▶ Try it: Set down all of the data again, character for character.

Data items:
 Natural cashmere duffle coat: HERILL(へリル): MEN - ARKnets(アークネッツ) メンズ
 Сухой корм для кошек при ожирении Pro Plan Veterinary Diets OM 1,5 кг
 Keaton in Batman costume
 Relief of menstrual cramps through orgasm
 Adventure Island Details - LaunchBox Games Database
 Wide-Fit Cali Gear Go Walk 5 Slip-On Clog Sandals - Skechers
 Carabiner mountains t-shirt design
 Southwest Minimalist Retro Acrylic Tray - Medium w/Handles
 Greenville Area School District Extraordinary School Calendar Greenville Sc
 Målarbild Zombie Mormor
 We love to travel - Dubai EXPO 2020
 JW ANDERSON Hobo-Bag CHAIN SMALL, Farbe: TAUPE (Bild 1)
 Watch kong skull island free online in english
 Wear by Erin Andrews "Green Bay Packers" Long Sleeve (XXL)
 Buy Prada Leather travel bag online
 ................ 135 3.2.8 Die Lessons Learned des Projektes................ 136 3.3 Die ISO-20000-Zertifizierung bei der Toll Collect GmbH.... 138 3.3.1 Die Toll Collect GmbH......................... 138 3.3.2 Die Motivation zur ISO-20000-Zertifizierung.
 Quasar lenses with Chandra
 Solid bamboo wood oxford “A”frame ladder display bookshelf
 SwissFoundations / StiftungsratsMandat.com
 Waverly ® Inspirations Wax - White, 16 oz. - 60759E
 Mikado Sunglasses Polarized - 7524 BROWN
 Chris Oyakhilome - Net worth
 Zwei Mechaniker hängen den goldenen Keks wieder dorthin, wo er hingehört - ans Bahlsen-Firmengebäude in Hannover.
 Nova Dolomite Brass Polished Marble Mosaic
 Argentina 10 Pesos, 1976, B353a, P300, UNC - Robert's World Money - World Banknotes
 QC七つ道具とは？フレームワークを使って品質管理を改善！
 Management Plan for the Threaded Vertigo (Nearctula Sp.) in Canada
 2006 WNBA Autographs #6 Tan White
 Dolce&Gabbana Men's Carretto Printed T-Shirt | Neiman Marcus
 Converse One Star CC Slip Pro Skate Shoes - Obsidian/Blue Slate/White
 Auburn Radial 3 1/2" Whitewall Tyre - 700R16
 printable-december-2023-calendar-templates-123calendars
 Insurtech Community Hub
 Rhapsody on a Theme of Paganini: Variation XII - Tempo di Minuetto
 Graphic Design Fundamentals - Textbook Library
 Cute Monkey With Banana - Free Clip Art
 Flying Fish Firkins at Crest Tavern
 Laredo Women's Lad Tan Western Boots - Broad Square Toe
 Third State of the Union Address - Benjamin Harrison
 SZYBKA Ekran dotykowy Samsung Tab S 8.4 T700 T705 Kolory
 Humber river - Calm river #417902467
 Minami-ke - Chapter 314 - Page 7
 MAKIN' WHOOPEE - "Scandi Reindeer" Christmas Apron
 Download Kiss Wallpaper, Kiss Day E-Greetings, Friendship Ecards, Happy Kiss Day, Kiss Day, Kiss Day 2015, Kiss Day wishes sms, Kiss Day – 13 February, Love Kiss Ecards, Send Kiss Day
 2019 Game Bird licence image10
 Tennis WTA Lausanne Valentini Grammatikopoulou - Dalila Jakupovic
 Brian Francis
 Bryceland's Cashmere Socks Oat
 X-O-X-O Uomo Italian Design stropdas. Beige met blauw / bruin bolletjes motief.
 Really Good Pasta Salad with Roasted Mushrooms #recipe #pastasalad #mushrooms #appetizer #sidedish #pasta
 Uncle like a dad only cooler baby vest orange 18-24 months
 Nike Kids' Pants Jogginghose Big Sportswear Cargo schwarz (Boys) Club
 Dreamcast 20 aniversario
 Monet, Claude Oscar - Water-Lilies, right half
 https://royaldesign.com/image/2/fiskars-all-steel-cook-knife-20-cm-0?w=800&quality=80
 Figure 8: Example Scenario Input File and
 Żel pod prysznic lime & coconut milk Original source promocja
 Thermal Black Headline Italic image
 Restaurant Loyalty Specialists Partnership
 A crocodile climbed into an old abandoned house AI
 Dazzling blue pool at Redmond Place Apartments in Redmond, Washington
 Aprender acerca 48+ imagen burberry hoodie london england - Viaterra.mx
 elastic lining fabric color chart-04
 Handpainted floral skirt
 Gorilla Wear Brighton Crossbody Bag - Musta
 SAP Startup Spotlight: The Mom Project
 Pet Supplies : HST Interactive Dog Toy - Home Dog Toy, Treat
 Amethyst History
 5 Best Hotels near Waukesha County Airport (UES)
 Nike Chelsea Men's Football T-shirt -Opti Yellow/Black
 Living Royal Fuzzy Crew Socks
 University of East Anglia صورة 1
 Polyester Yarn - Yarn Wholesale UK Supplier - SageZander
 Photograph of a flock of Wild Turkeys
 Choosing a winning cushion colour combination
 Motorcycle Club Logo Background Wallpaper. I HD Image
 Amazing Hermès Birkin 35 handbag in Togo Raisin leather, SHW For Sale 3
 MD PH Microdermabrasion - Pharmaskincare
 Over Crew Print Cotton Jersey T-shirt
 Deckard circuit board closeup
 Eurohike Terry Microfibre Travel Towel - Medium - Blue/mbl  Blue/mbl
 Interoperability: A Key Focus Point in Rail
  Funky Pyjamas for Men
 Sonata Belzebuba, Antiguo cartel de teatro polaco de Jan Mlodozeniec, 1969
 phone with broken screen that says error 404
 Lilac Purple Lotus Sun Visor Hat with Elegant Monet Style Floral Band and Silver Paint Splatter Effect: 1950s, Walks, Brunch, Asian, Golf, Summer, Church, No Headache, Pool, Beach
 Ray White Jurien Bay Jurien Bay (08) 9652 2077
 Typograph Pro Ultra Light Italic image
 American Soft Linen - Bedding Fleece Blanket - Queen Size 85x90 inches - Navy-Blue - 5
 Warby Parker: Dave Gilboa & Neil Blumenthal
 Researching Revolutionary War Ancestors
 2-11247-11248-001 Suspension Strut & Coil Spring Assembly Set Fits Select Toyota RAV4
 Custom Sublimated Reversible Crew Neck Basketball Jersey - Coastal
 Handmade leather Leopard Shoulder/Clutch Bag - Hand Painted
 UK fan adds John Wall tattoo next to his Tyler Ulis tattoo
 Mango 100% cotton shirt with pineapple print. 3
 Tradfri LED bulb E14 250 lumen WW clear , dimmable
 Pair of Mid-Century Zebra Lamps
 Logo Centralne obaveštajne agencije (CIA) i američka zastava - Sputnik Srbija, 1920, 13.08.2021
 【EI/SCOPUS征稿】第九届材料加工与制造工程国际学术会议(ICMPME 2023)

▶ Solution to this task:
 Natural cashmere duffle coat: HERILL(へリル): MEN - ARKnets(アークネッツ) メンズ
 Сухой корм для кошек при ожирении Pro Plan Veterinary Diets OM 1,5 кг
 Keaton in Batman costume
 Relief of menstrual cramps through orgasm
 Adventure Island Details - LaunchBox Games Database
 Wide-Fit Cali Gear Go Walk 5 Slip-On Clog Sandals - Skechers
 Carabiner mountains t-shirt design
 Southwest Minimalist Retro Acrylic Tray - Medium w/Handles
 Greenville Area School District Extraordinary School Calendar Greenville Sc
 Målarbild Zombie Mormor
 We love to travel - Dubai EXPO 2020
 JW ANDERSON Hobo-Bag CHAIN SMALL, Farbe: TAUPE (Bild 1)
 Watch kong skull island free online in english
 Wear by Erin Andrews "Green Bay Packers" Long Sleeve (XXL)
 Buy Prada Leather travel bag online
 ................ 135 3.2.8 Die Lessons Learned des Projektes................ 136 3.3 Die ISO-20000-Zertifizierung bei der Toll Collect GmbH.... 138 3.3.1 Die Toll Collect GmbH......................... 138 3.3.2 Die Motivation zur ISO-20000-Zertifizierung.
 Quasar lenses with Chandra
 Solid bamboo wood oxford “A”frame ladder display bookshelf
 SwissFoundations / StiftungsratsMandat.com
 Waverly ® Inspirations Wax - White, 16 oz. - 60759E
 Mikado Sunglasses Polarized - 7524 BROWN
 Chris Oyakhilome - Net worth
 Zwei Mechaniker hängen den goldenen Keks wieder dorthin, wo er hingehört - ans Bahlsen-Firmengebäude in Hannover.
 Nova Dolomite Brass Polished Marble Mosaic
 Argentina 10 Pesos, 1976, B353a, P300, UNC - Robert's World Money - World Banknotes
 QC七つ道具とは？フレームワークを使って品質管理を改善！
 Management Plan for the Threaded Vertigo (Nearctula Sp.) in Canada
 2006 WNBA Autographs #6 Tan White
 Dolce&Gabbana Men's Carretto Printed T-Shirt | Neiman Marcus
 Converse One Star CC Slip Pro Skate Shoes - Obsidian/Blue Slate/White
 Auburn Radial 3 1/2" Whitewall Tyre - 700R16
 printable-december-2023-calendar-templates-123calendars
 Insurtech Community Hub
 Rhapsody on a Theme of Paganini: Variation XII - Tempo di Minuetto
 Graphic Design Fundamentals - Textbook Library
 Cute Monkey With Banana - Free Clip Art
 Flying Fish Firkins at Crest Tavern
 Laredo Women's Lad Tan Western Boots - Broad Square Toe
 Third State of the Union Address - Benjamin Harrison
 SZYBKA Ekran dotykowy Samsung Tab S 8.4 T700 T705 Kolory
 Humber river - Calm river #417902467
 Minami-ke - Chapter 314 - Page 7
 MAKIN' WHOOPEE - "Scandi Reindeer" Christmas Apron
 Download Kiss Wallpaper, Kiss Day E-Greetings, Friendship Ecards, Happy Kiss Day, Kiss Day, Kiss Day 2015, Kiss Day wishes sms, Kiss Day – 13 February, Love Kiss Ecards, Send Kiss Day
 2019 Game Bird licence image10
 Tennis WTA Lausanne Valentini Grammatikopoulou - Dalila Jakupovic
 Brian Francis
 Bryceland's Cashmere Socks Oat
 X-O-X-O Uomo Italian Design stropdas. Beige met blauw / bruin bolletjes motief.
 Really Good Pasta Salad with Roasted Mushrooms #recipe #pastasalad #mushrooms #appetizer #sidedish #pasta
 Uncle like a dad only cooler baby vest orange 18-24 months
 Nike Kids' Pants Jogginghose Big Sportswear Cargo schwarz (Boys) Club
 Dreamcast 20 aniversario
 Monet, Claude Oscar - Water-Lilies, right half
 https://royaldesign.com/image/2/fiskars-all-steel-cook-knife-20-cm-0?w=800&quality=80
 Figure 8: Example Scenario Input File and
 Żel pod prysznic lime & coconut milk Original source promocja
 Thermal Black Headline Italic image
 Restaurant Loyalty Specialists Partnership
 A crocodile climbed into an old abandoned house AI
 Dazzling blue pool at Redmond Place Apartments in Redmond, Washington
 Aprender acerca 48+ imagen burberry hoodie london england - Viaterra.mx
 elastic lining fabric color chart-04
 Handpainted floral skirt
 Gorilla Wear Brighton Crossbody Bag - Musta
 SAP Startup Spotlight: The Mom Project
 Pet Supplies : HST Interactive Dog Toy - Home Dog Toy, Treat
 Amethyst History
 5 Best Hotels near Waukesha County Airport (UES)
 Nike Chelsea Men's Football T-shirt -Opti Yellow/Black
 Living Royal Fuzzy Crew Socks
 University of East Anglia صورة 1
 Polyester Yarn - Yarn Wholesale UK Supplier - SageZander
 Photograph of a flock of Wild Turkeys
 Choosing a winning cushion colour combination
 Motorcycle Club Logo Background Wallpaper. I HD Image
 Amazing Hermès Birkin 35 handbag in Togo Raisin leather, SHW For Sale 3
 MD PH Microdermabrasion - Pharmaskincare
 Over Crew Print Cotton Jersey T-shirt
 Deckard circuit board closeup
 Eurohike Terry Microfibre Travel Towel - Medium - Blue/mbl  Blue/mbl
 Interoperability: A Key Focus Point in Rail
  Funky Pyjamas for Men
 Sonata Belzebuba, Antiguo cartel de teatro polaco de Jan Mlodozeniec, 1969
 phone with broken screen that says error 404
 Lilac Purple Lotus Sun Visor Hat with Elegant Monet Style Floral Band and Silver Paint Splatter Effect: 1950s, Walks, Brunch, Asian, Golf, Summer, Church, No Headache, Pool, Beach
 Ray White Jurien Bay Jurien Bay (08) 9652 2077
 Typograph Pro Ultra Light Italic image
 American Soft Linen - Bedding Fleece Blanket - Queen Size 85x90 inches - Navy-Blue - 5
 Warby Parker: Dave Gilboa & Neil Blumenthal
 Researching Revolutionary War Ancestors
 2-11247-11248-001 Suspension Strut & Coil Spring Assembly Set Fits Select Toyota RAV4
 Custom Sublimated Reversible Crew Neck Basketball Jersey - Coastal
 Handmade leather Leopard Shoulder/Clutch Bag - Hand Painted
 UK fan adds John Wall tattoo next to his Tyler Ulis tattoo
 Mango 100% cotton shirt with pineapple print. 3
 Tradfri LED bulb E14 250 lumen WW clear , dimmable
 Pair of Mid-Century Zebra Lamps
 Logo Centralne obaveštajne agencije (CIA) i američka zastava - Sputnik Srbija, 1920, 13.08.2021
 【EI/SCOPUS征稿】第九届材料加工与制造工程国际学术会议(ICMPME 2023)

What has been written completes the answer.